Die Kinder sollten geopfert werden. Und sie haben das wohl schon lange vor dem Tag gewusst, an dem sie ihr Leben ließen. Auf dem Gipfel des Andenvulkans Llullaillaco, in mehr als 6739 Meter Höhe, haben Archäologen im Jahr 1999 drei Kindermumien aus der Inka-Zeit ausgegraben.
Eingefroren im ewigen Eis, galten die drei sitzenden Leichname rund 500 Jahre nach ihrem Tod als die am besten erhaltenen Mumien der Welt. Wertvolle Grabbeigaben legten schon bei der Entdeckung nahe, dass es sich um Opfer des religiösen Ritus "Capacocha" handelt, der die Verfehlungen des Herrschers wettmachen und seinen Staat stabilisieren sollte. Besonders geschmückt war das älteste Opfer, ein etwa 13 Jahre altes Mädchen. Jetzt erhellen modernste Techniken die letzten Momente der Kinder und zeigen, dass sie mit Alkohol und Koka-Blättern lange auf ihren Tod vorbereitet wurden.
"Mit dem Haar des Mädchens konnten wir die letzten beiden Jahre seines Lebens rekonstruieren", berichten Archäologen um Andrew Wilson von der Universität im britischen Bradford in der Fachzeitschrift PNAS. Dabei fiel auf: Ziemlich genau ein Jahr vor ihrem Tod begann die junge Frau plötzlich, erhebliche Mengen an Koka zu konsumieren.

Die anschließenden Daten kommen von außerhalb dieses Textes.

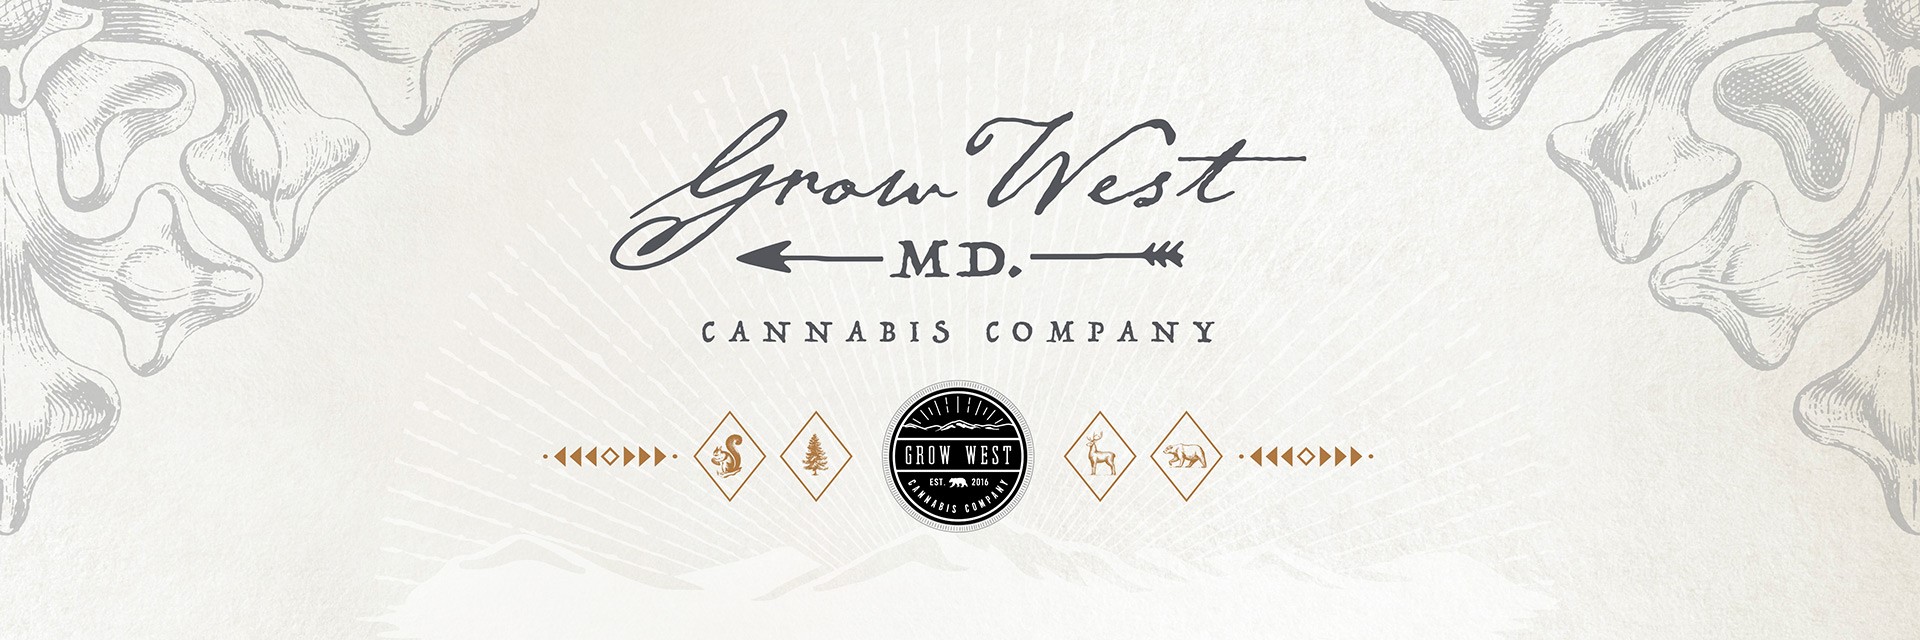 Grow West Cannabis Co – Cumberland, MD

Auch Chicha, das alkoholische Maisgetränk der Inkas, stand nun verstärkt auf ihrem Speiseplan. "Das war wahrscheinlich der Zeitpunkt, an dem sie als Opfer auserwählt wurde", meint Wilson. Jedenfalls habe sie von diesem Moment an einen höheren Status gehabt und wurde besonders gut versorgt. Selbst in ihren letzten Momenten war "La Doncella" noch mit dem Kauen von Koka beschäftigt: Die Forscher fanden Reste von Blättern zwischen ihren Backenzähnen.
"Koka und Alkohol waren Substanzen, die einen veränderten, als heilig geltenden Status herbeiführten", schreiben die Forscher. Doch das war womöglich nicht der einzige Grund, weshalb die Kinder Rauschmittel bekamen. Sie sollten wohl gefügig gemacht werden - weglaufende Kinder würden das Ritual genauso stören wie weinende Angehörige. Trauer zu zeigen, galt als "ein großes Vergehen", notierte der spanische Jesuit und Missionar Bernabé Cobo im Jahr 1653.
Die Eltern geopferter Kinder seien dagegen zu "Gesten des Glücks und der Zufriedenheit" verpflichtet gewesen. Immerhin standen ihnen Zeiten des Wohlstands bevor - und ihren toten Kindern unendliche Anbetung.
Die Drogen erfüllten offenbar ihren Sinn: An den Mumien von Llullaillaco fanden sich keine Spuren von Gewalt. Die Kinder ließen sich, schlafend oder im Rausch, bei lebendigem Leib in die Höhlen einschließen, die ihnen für Jahrhunderte zum eisigen Grab wurden.